Your answer must be the data repeated exactly, with no pictures in it.

● **DATA EXCERPT**:
_ _ _

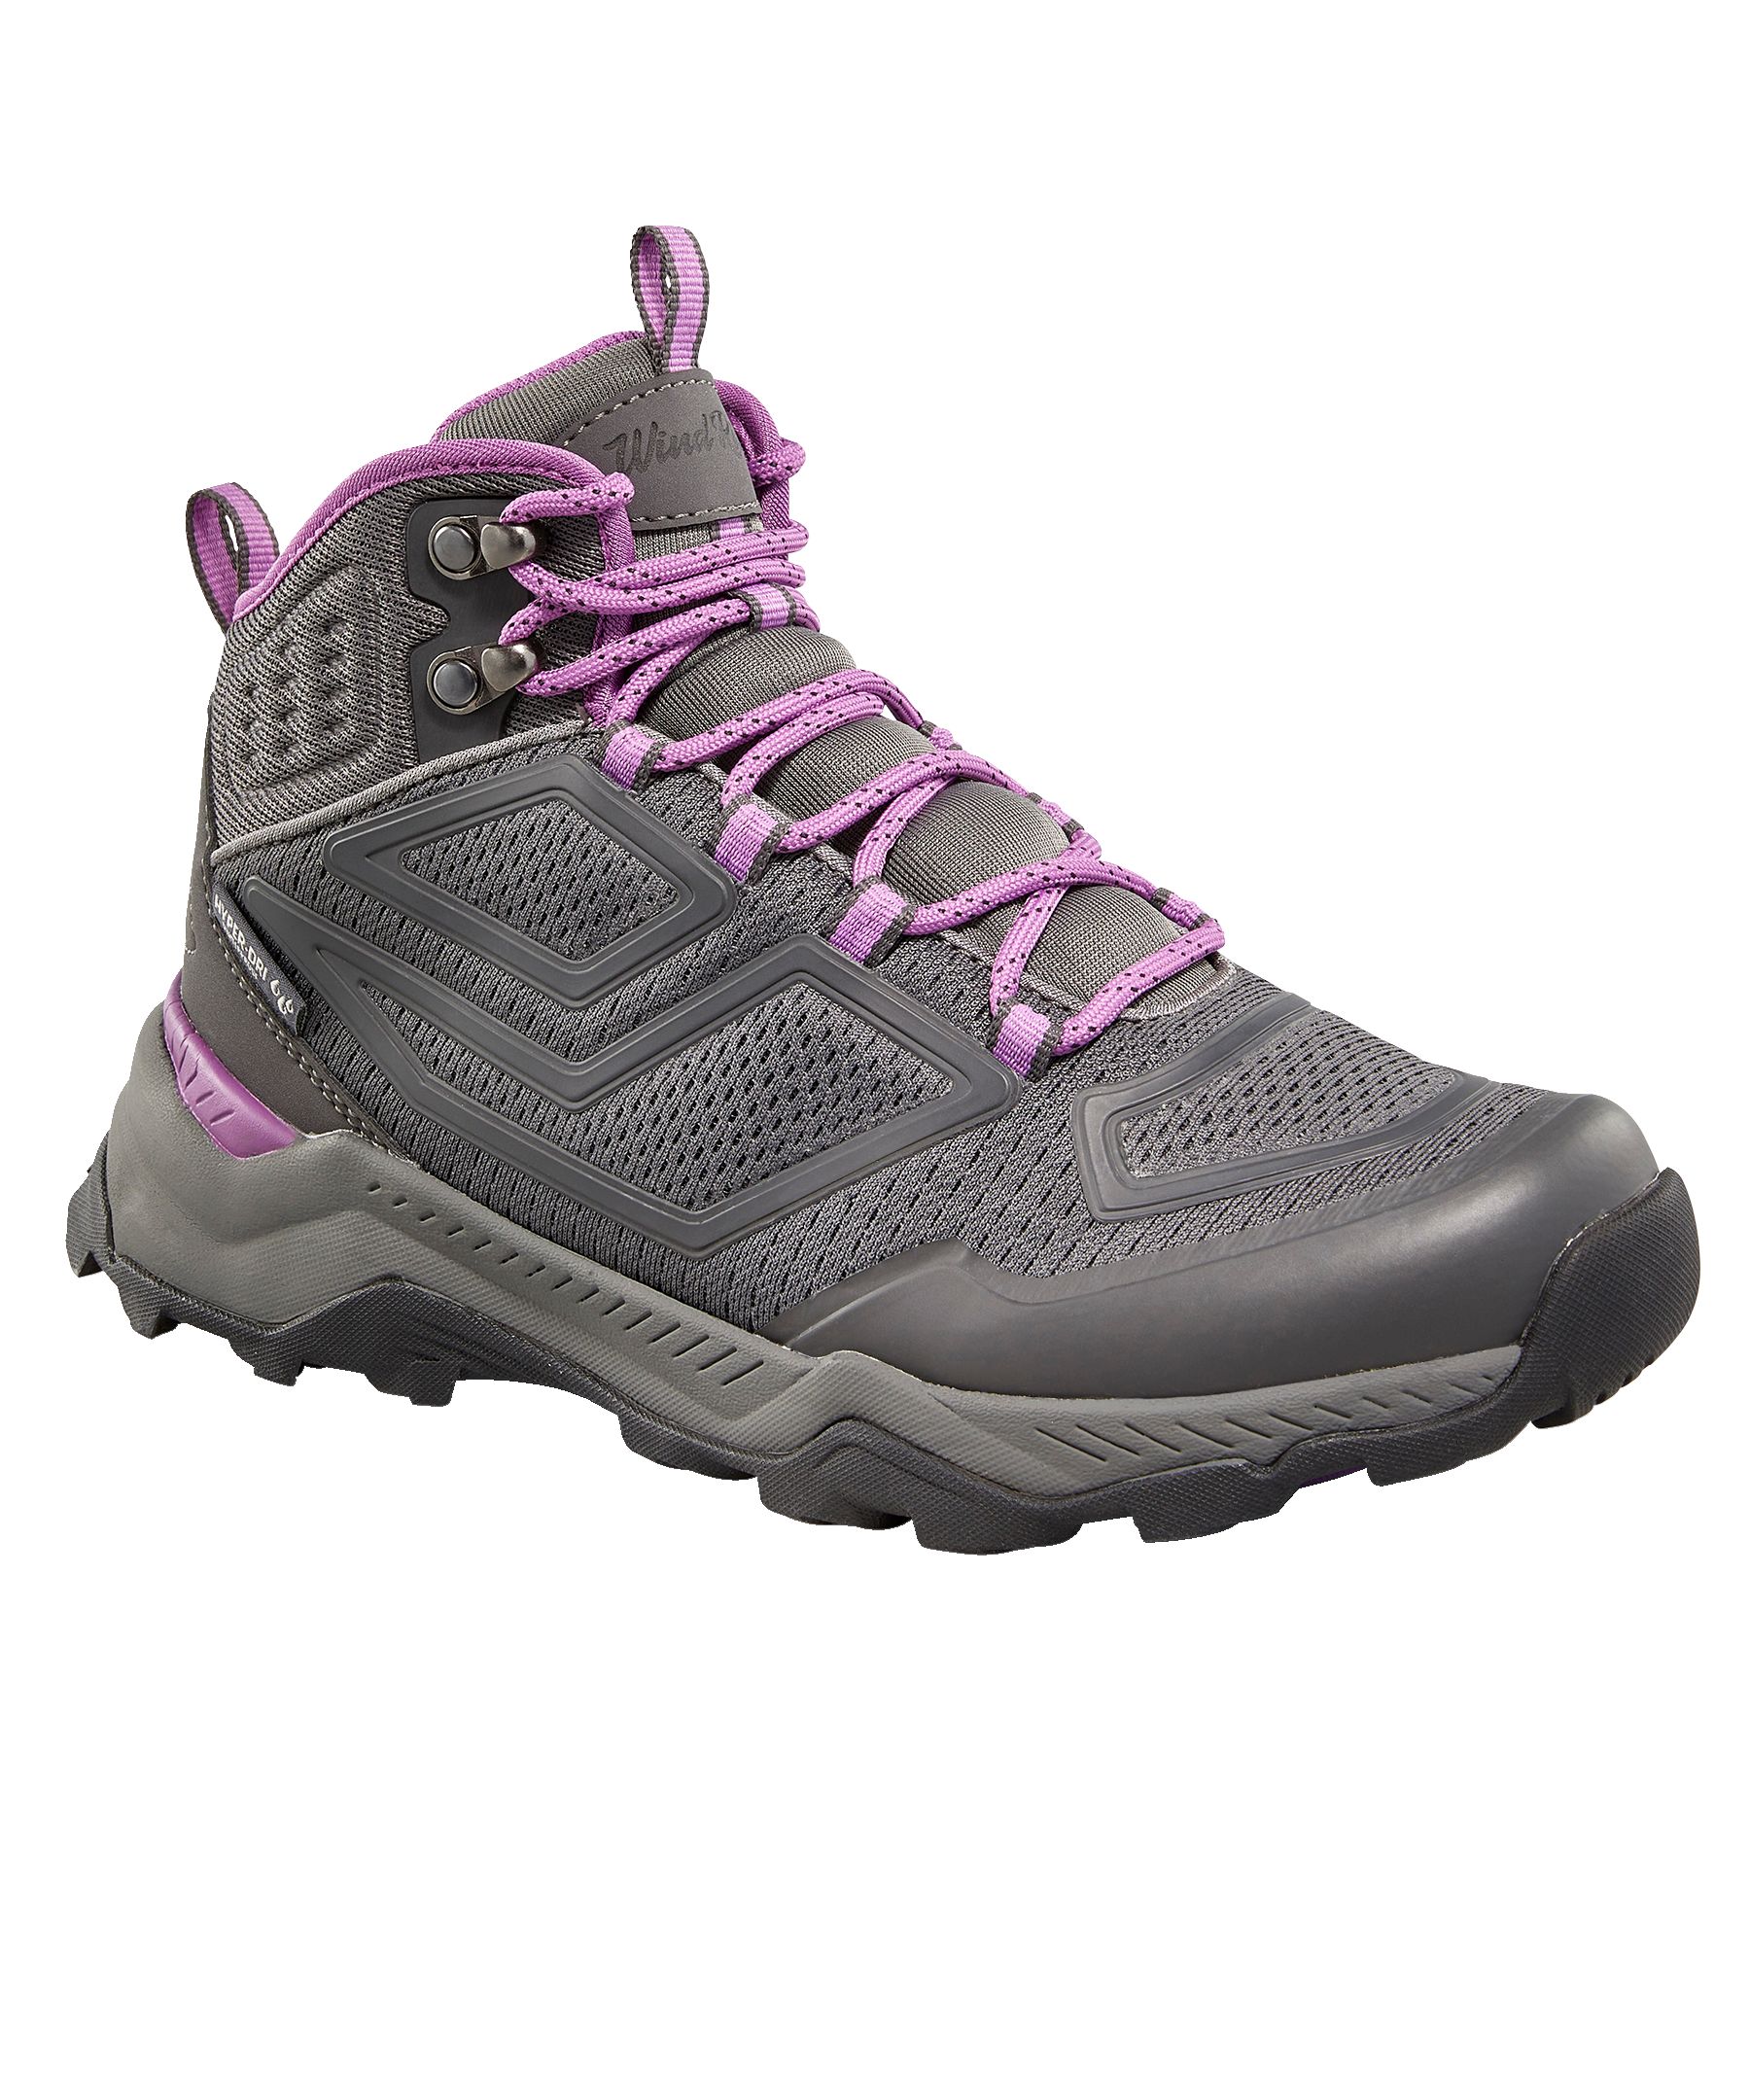 WindRiver Women's Canmore Mid-Cut Hiking Boots | Marks
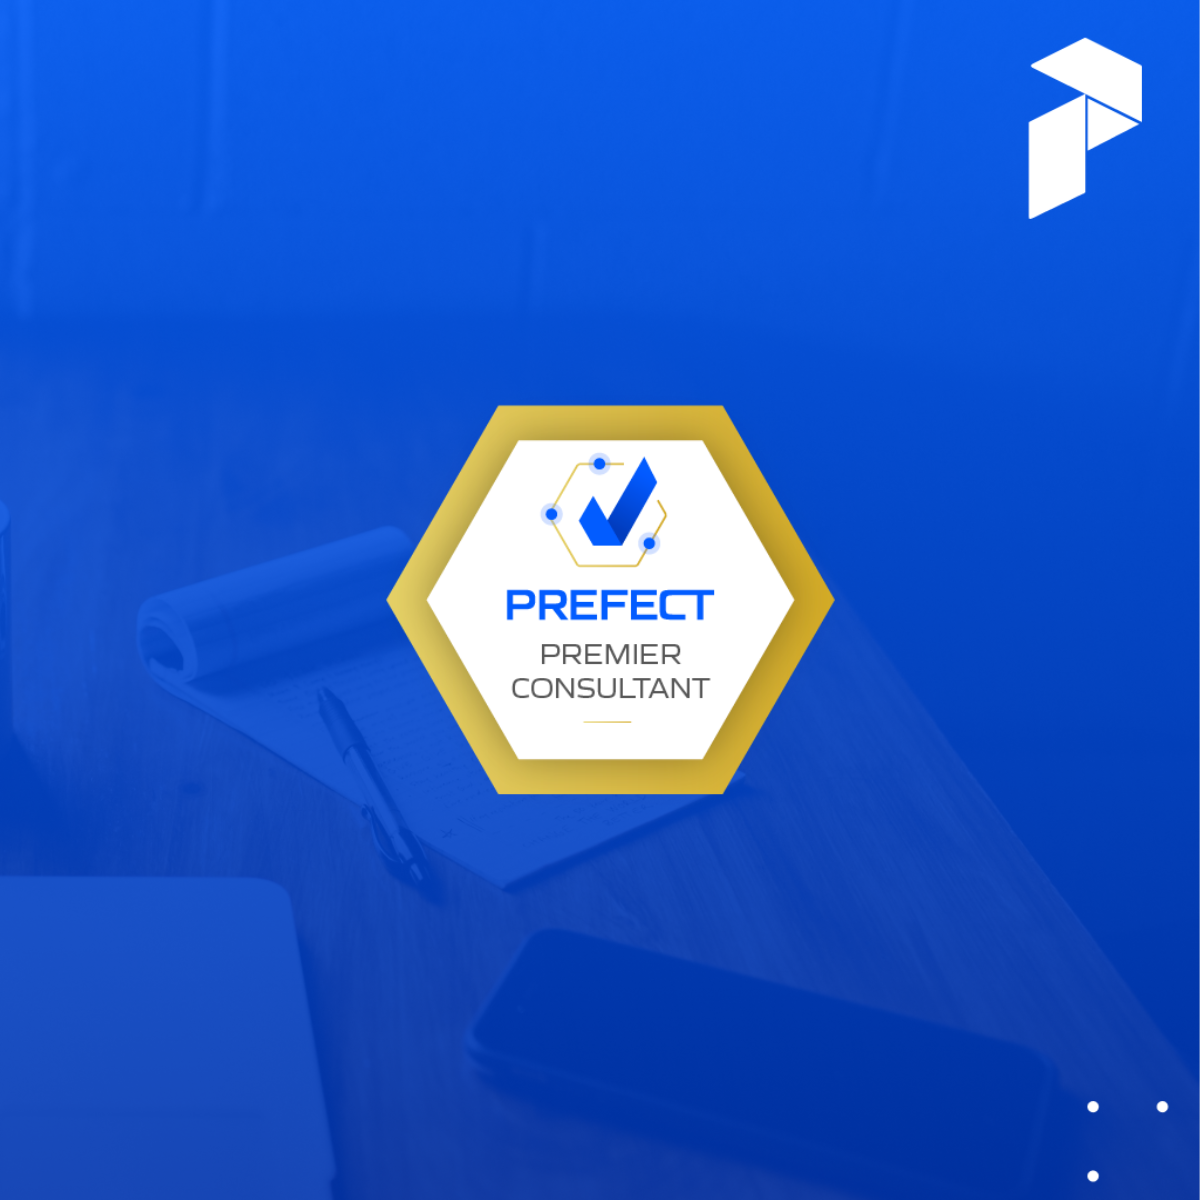 Prefect Launches its Premier Consulting Program
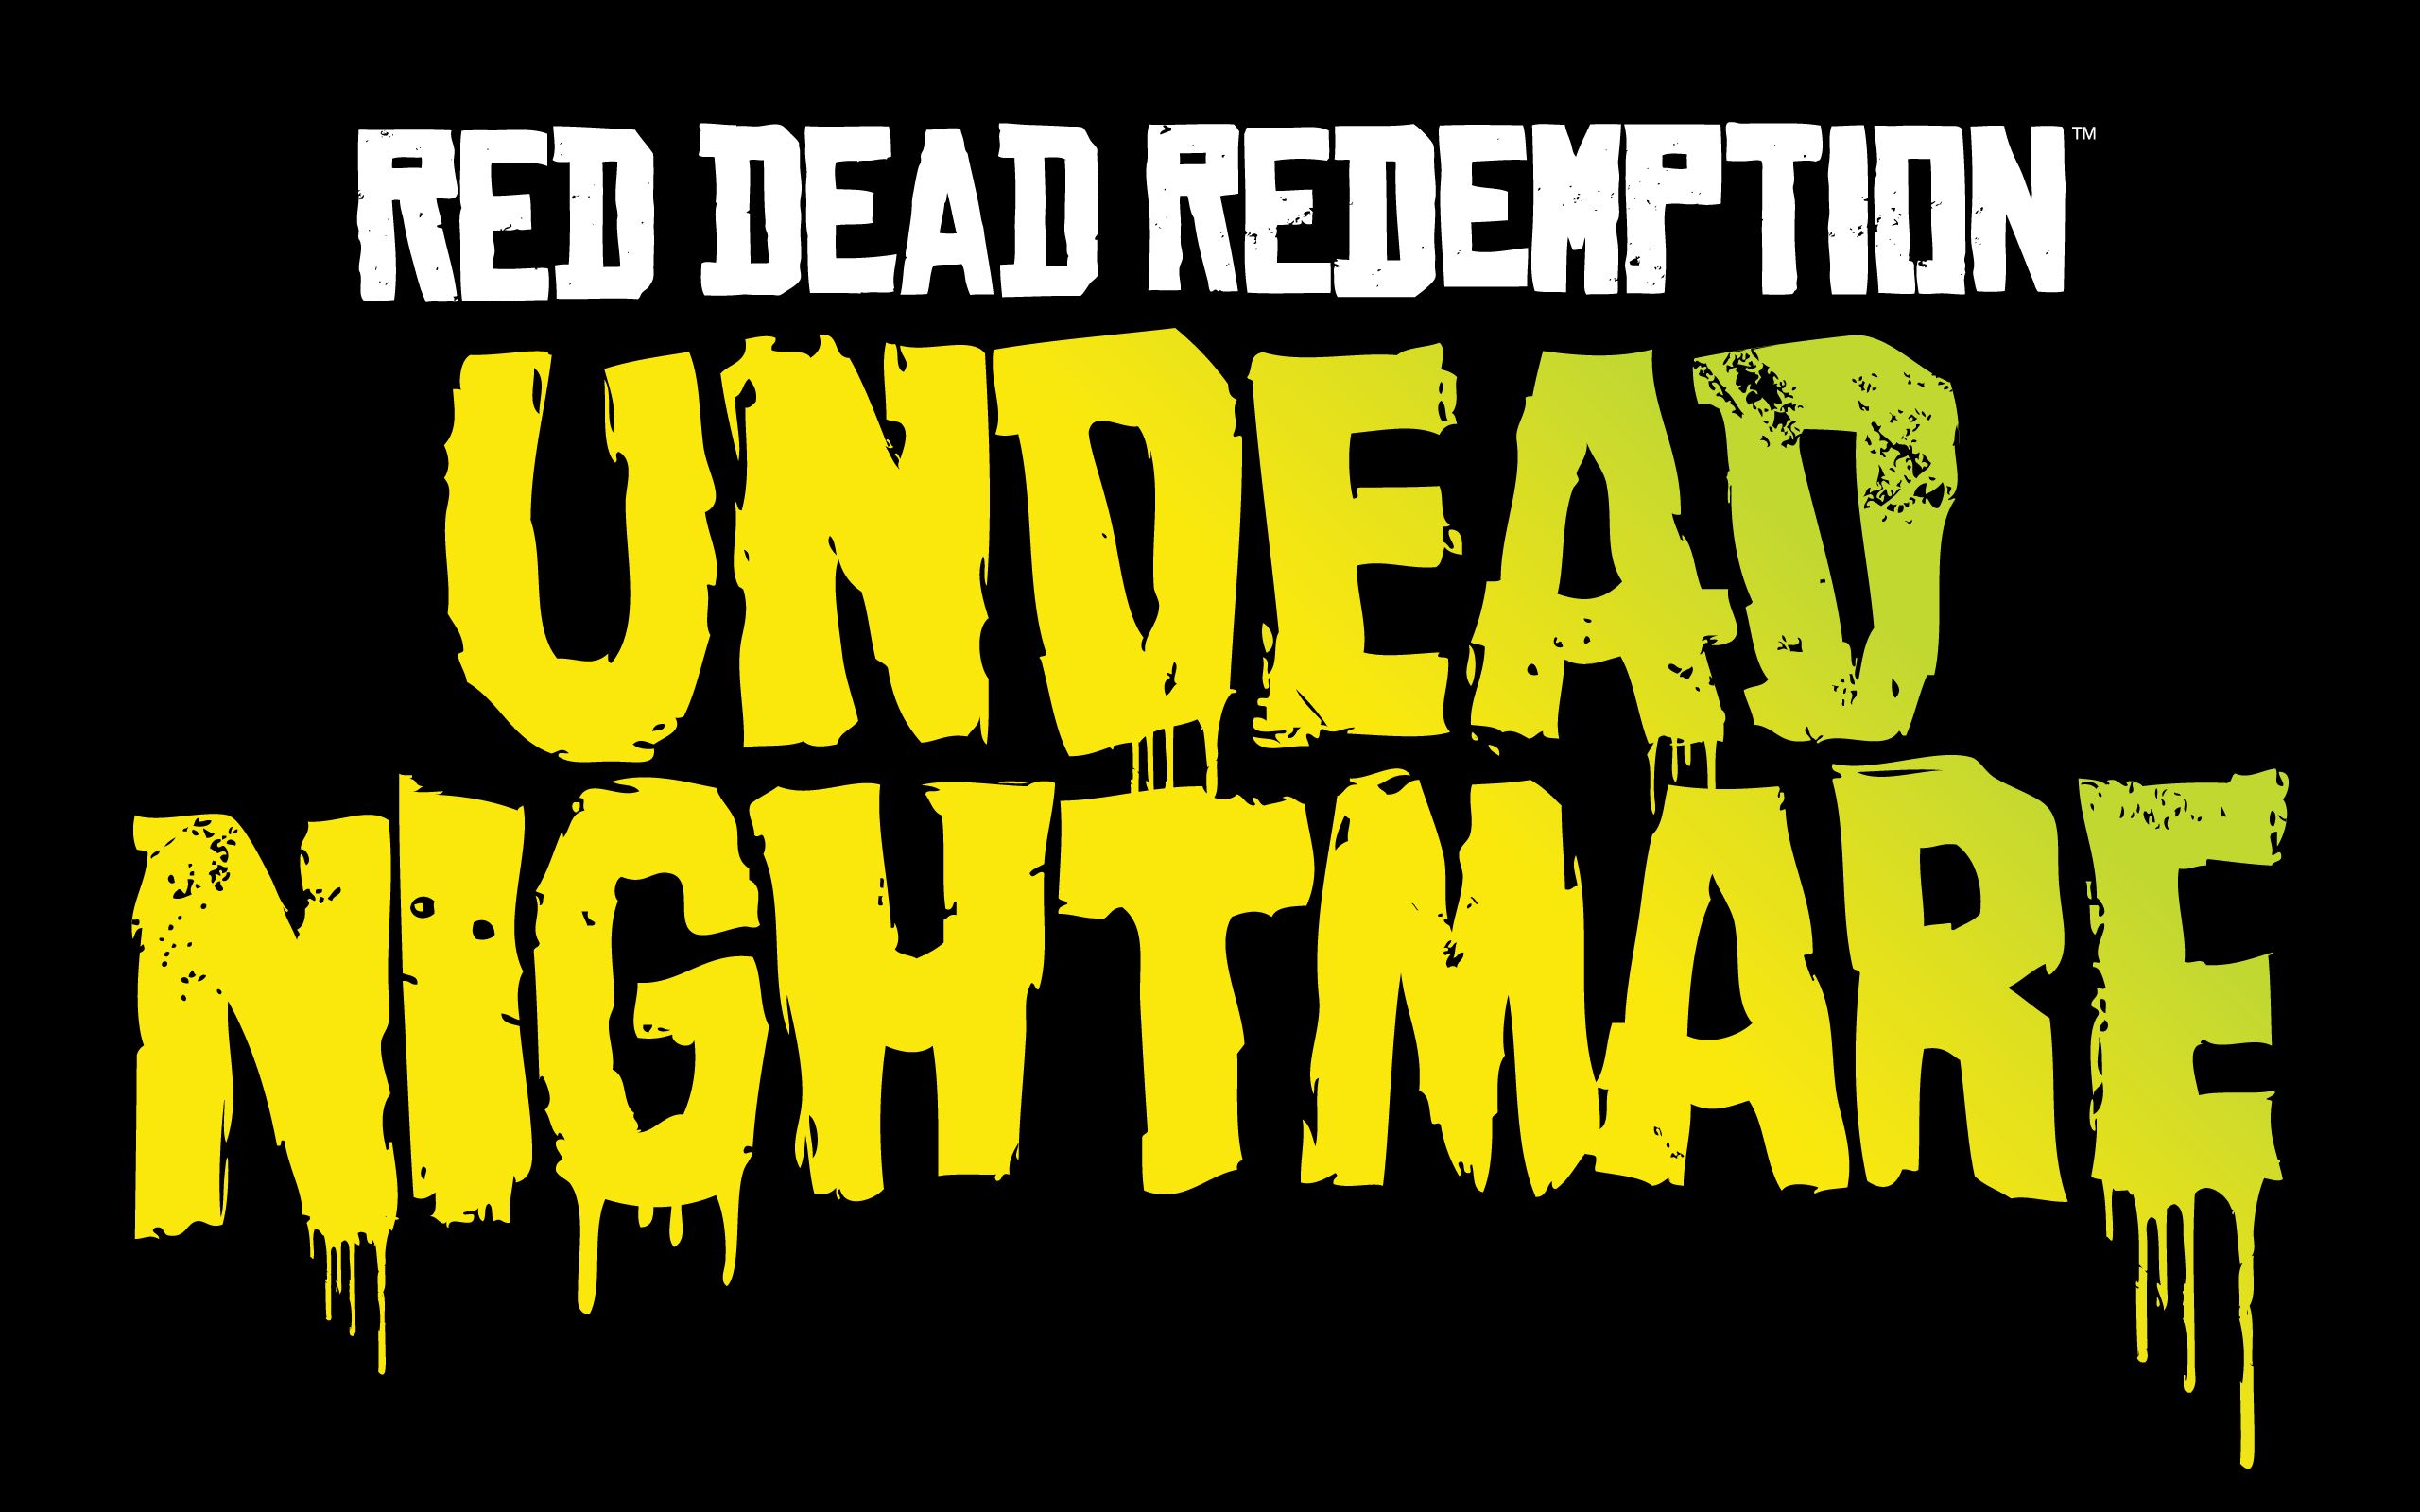 Red Dead Redemption: Undead Nightmare .mobygames.com

_ _ _

● **EXERCISE RESPONSE**:
 WindRiver Women's Canmore Mid-Cut Hiking Boots | Marks
 Prefect Launches its Premier Consulting Program
 Red Dead Redemption: Undead Nightmare .mobygames.com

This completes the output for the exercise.